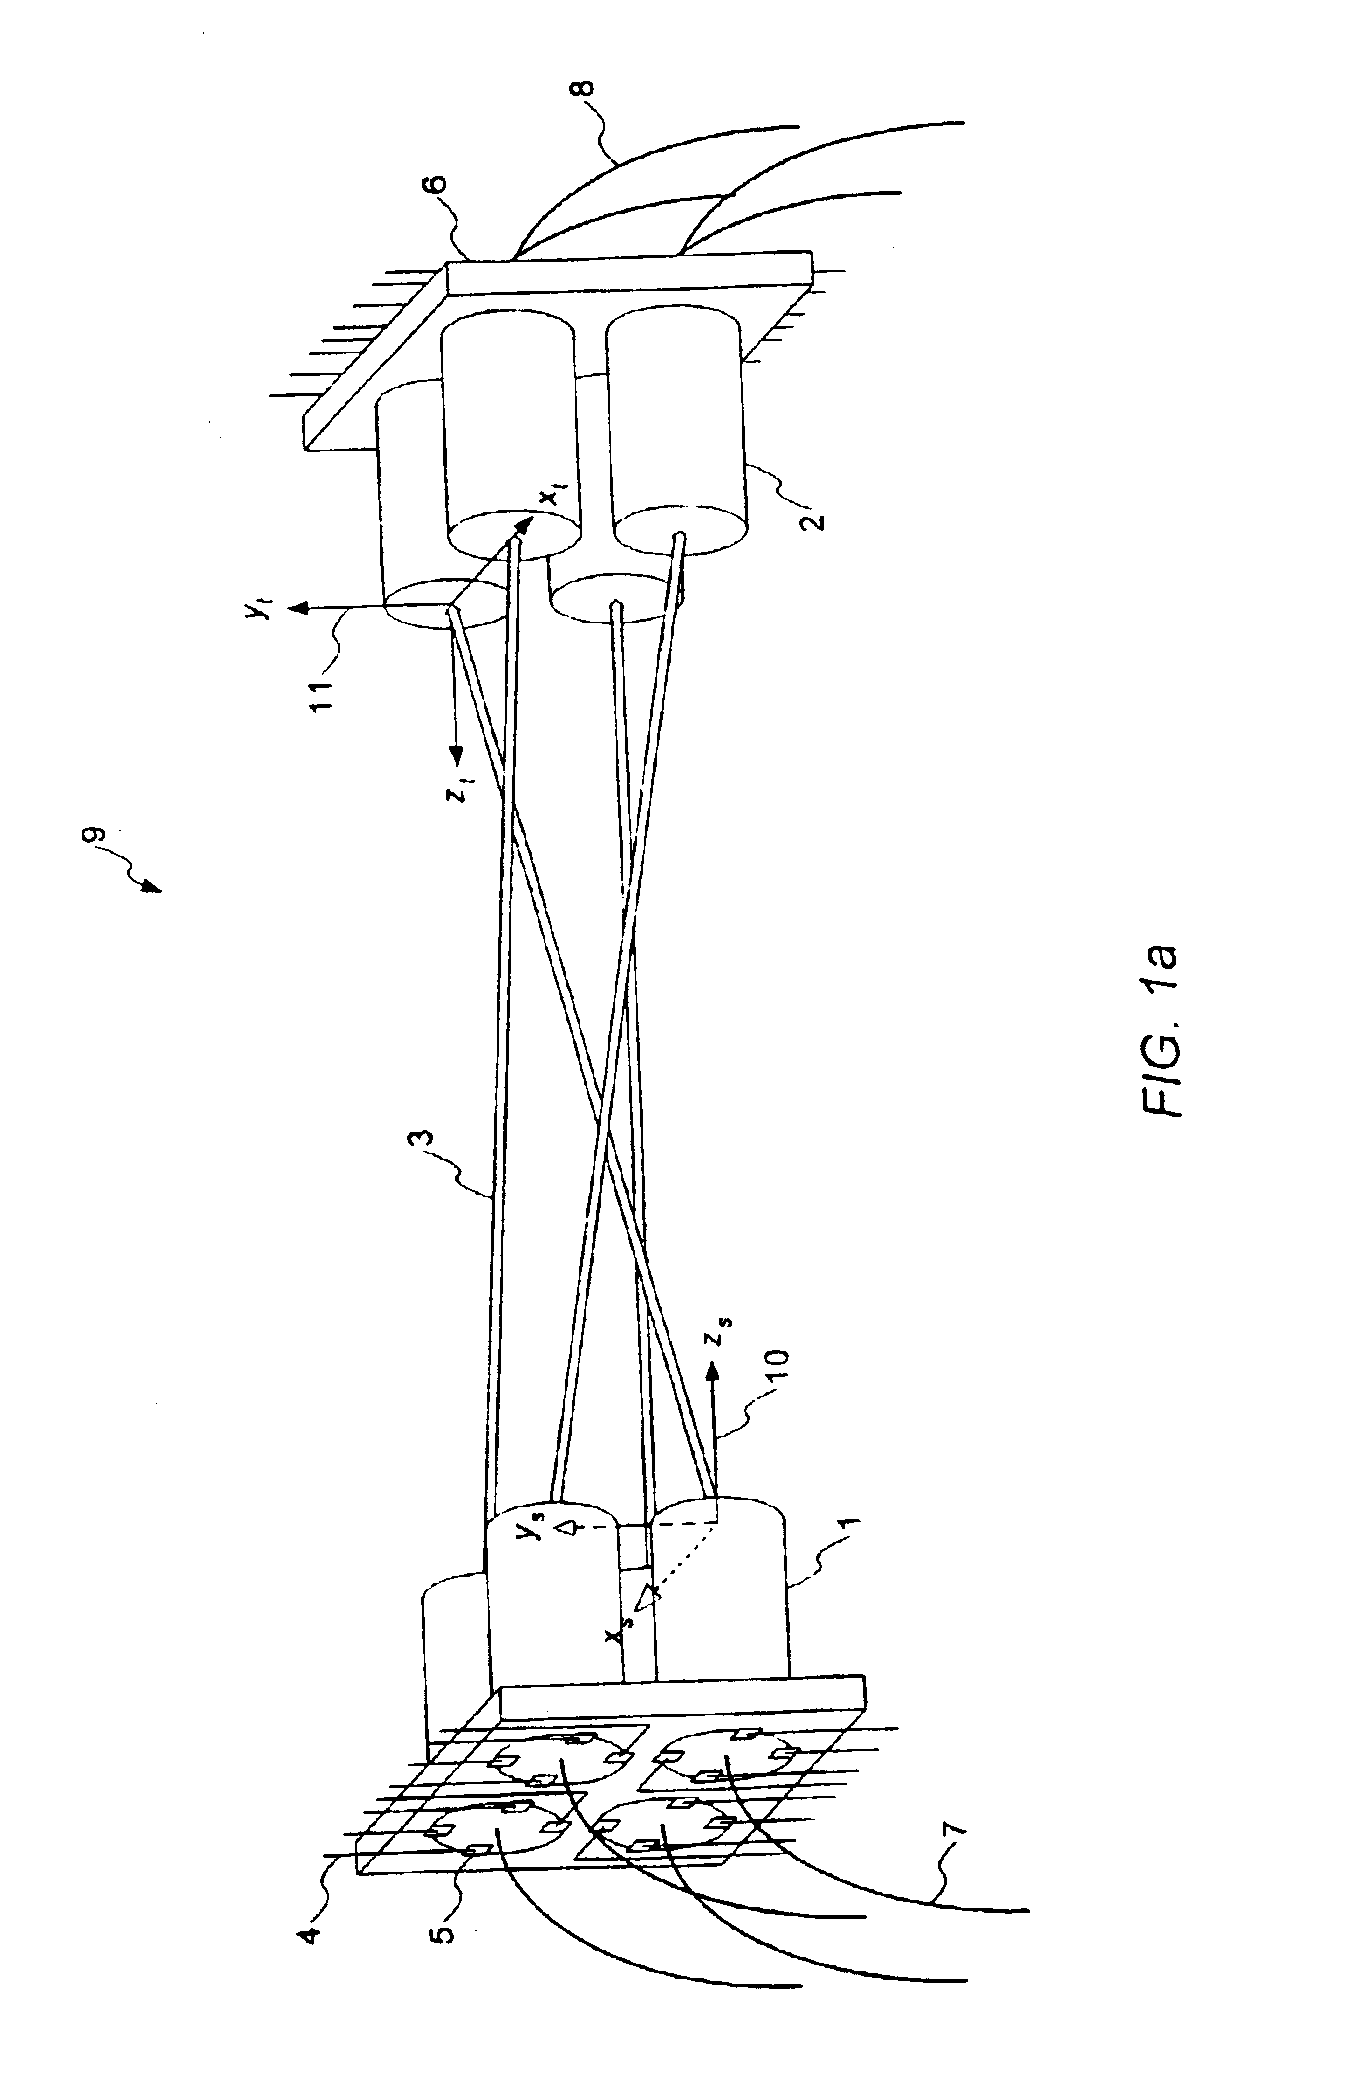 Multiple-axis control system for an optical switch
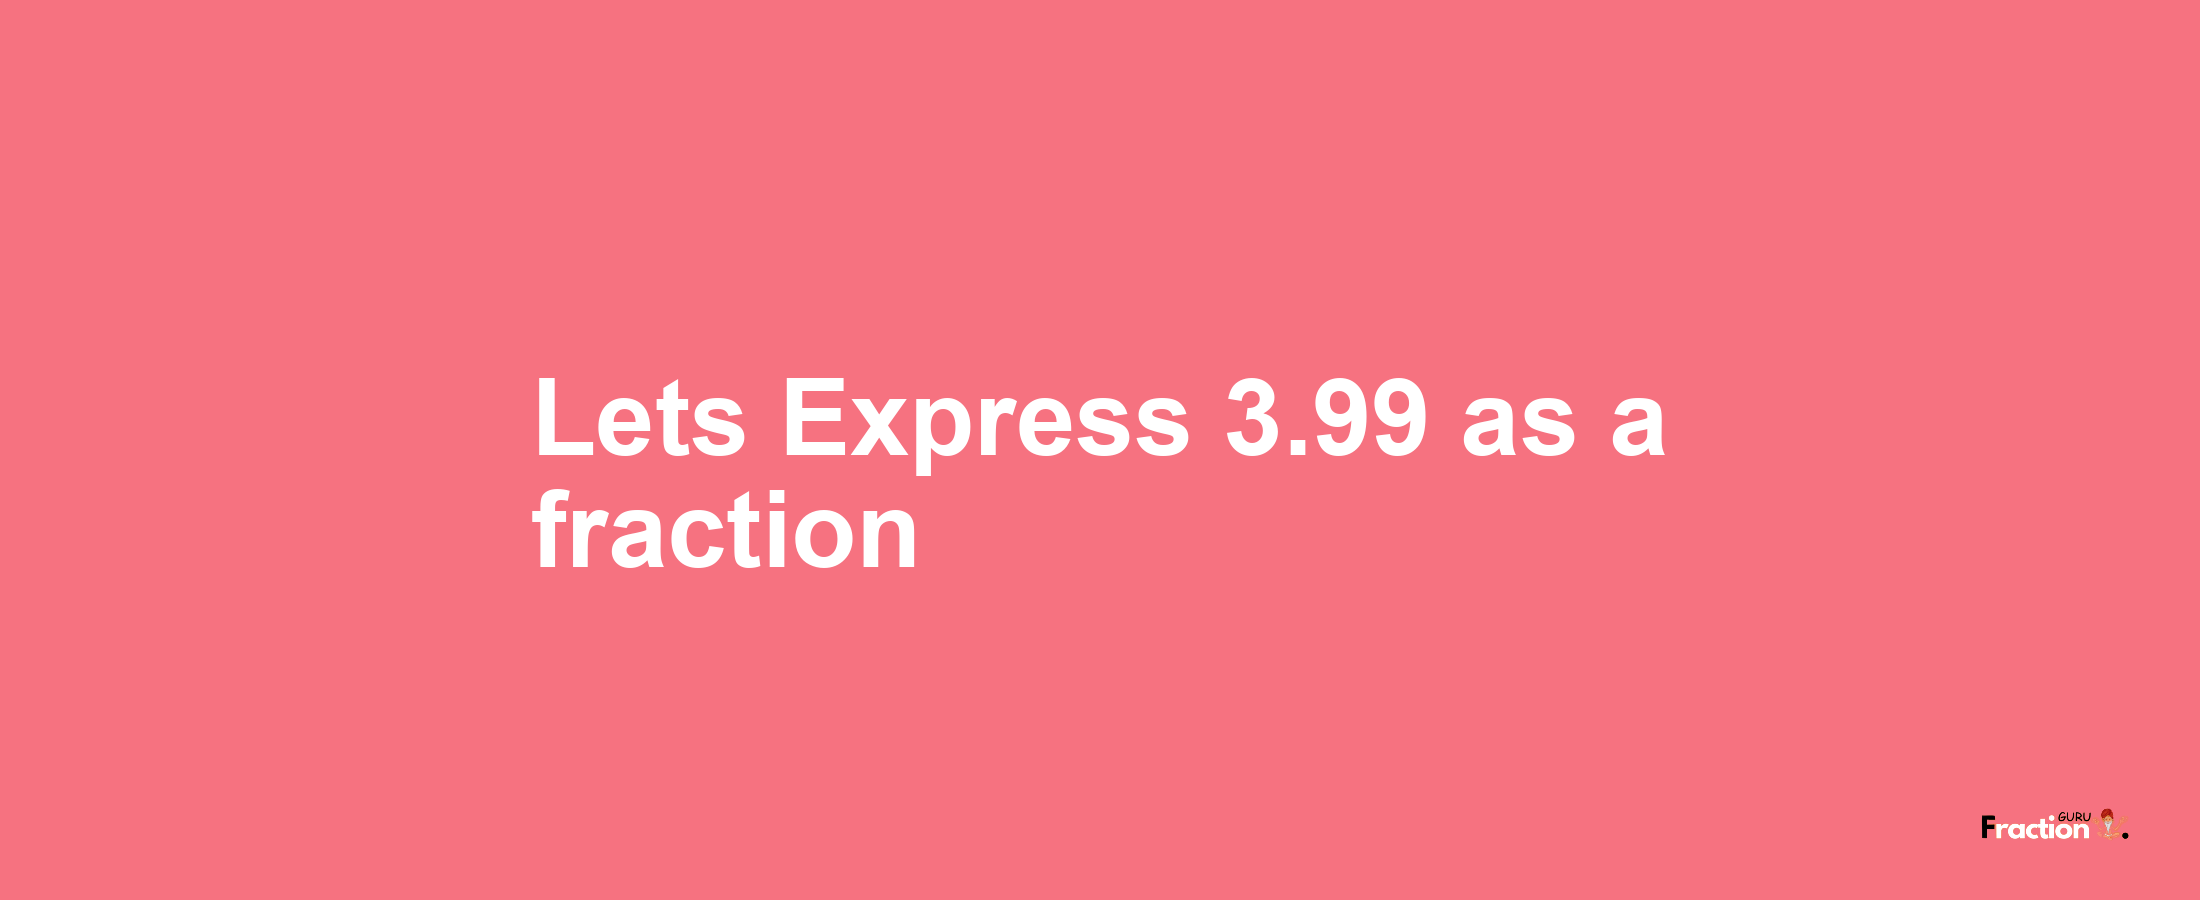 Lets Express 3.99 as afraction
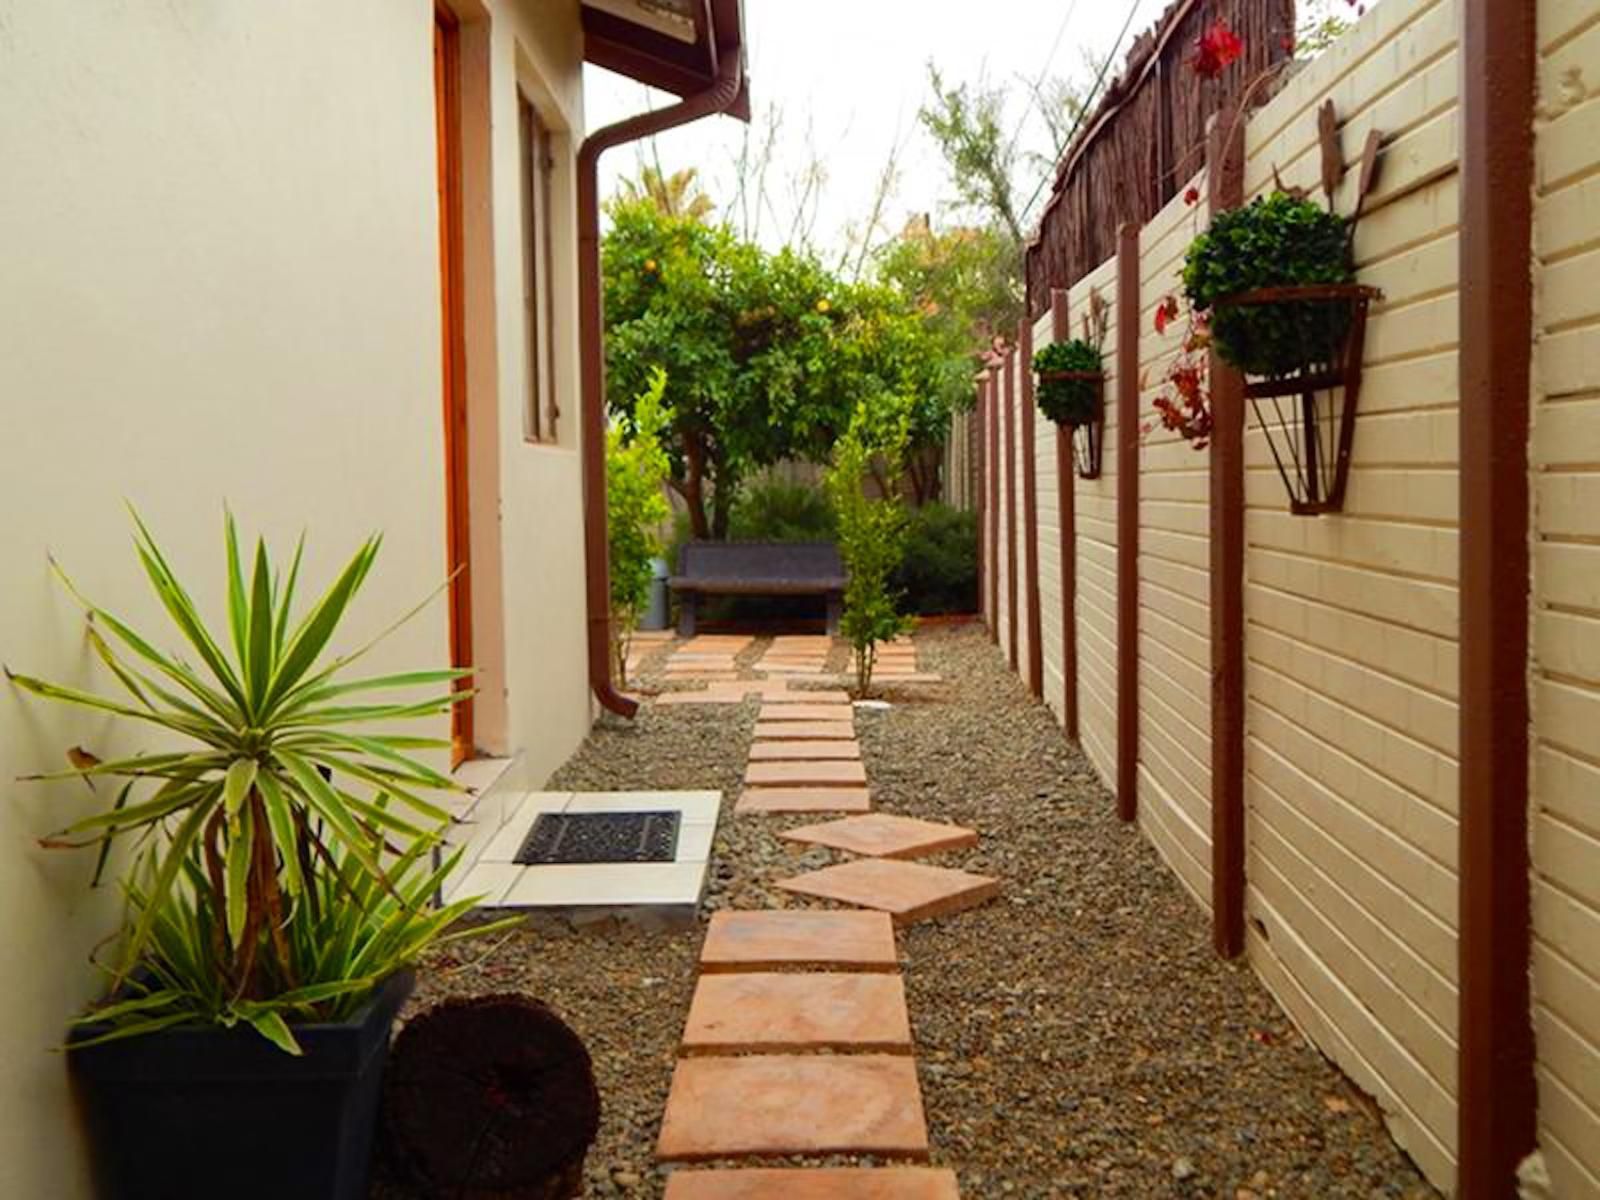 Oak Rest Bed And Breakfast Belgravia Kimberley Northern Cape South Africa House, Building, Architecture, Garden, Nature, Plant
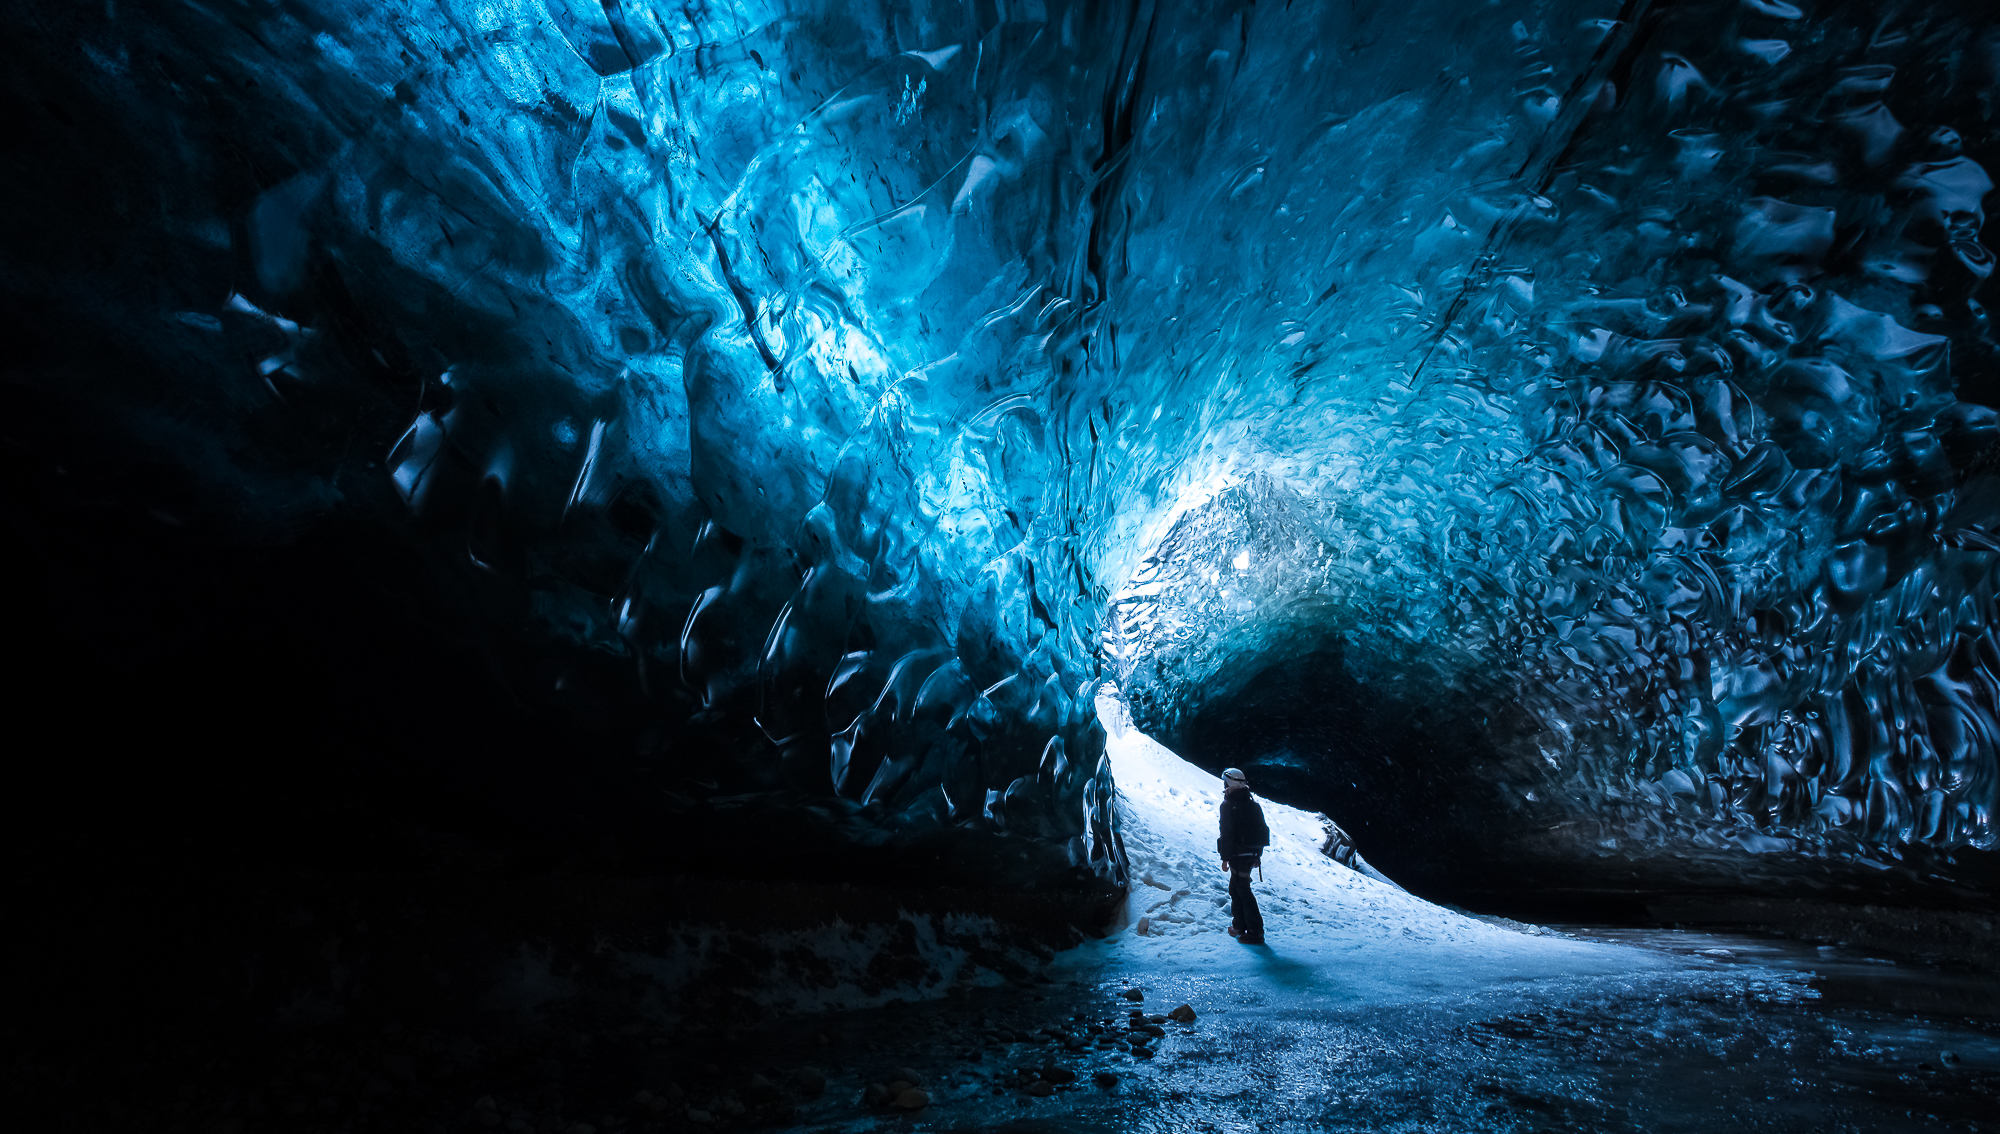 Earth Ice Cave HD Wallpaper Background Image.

> **About this exercise**:
Leaving the pictures aside, transcribe only the lines from the one containing "Oak Rest Bed" to the final line of the listing above, inclusive, exactly as they appear.

> **Answer to the exercise**:
 Oak Rest Bed And Breakfast Belgravia Kimberley Northern Cape South Africa House, Building, Architecture, Garden, Nature, Plant
 Earth Ice Cave HD Wallpaper Background Image.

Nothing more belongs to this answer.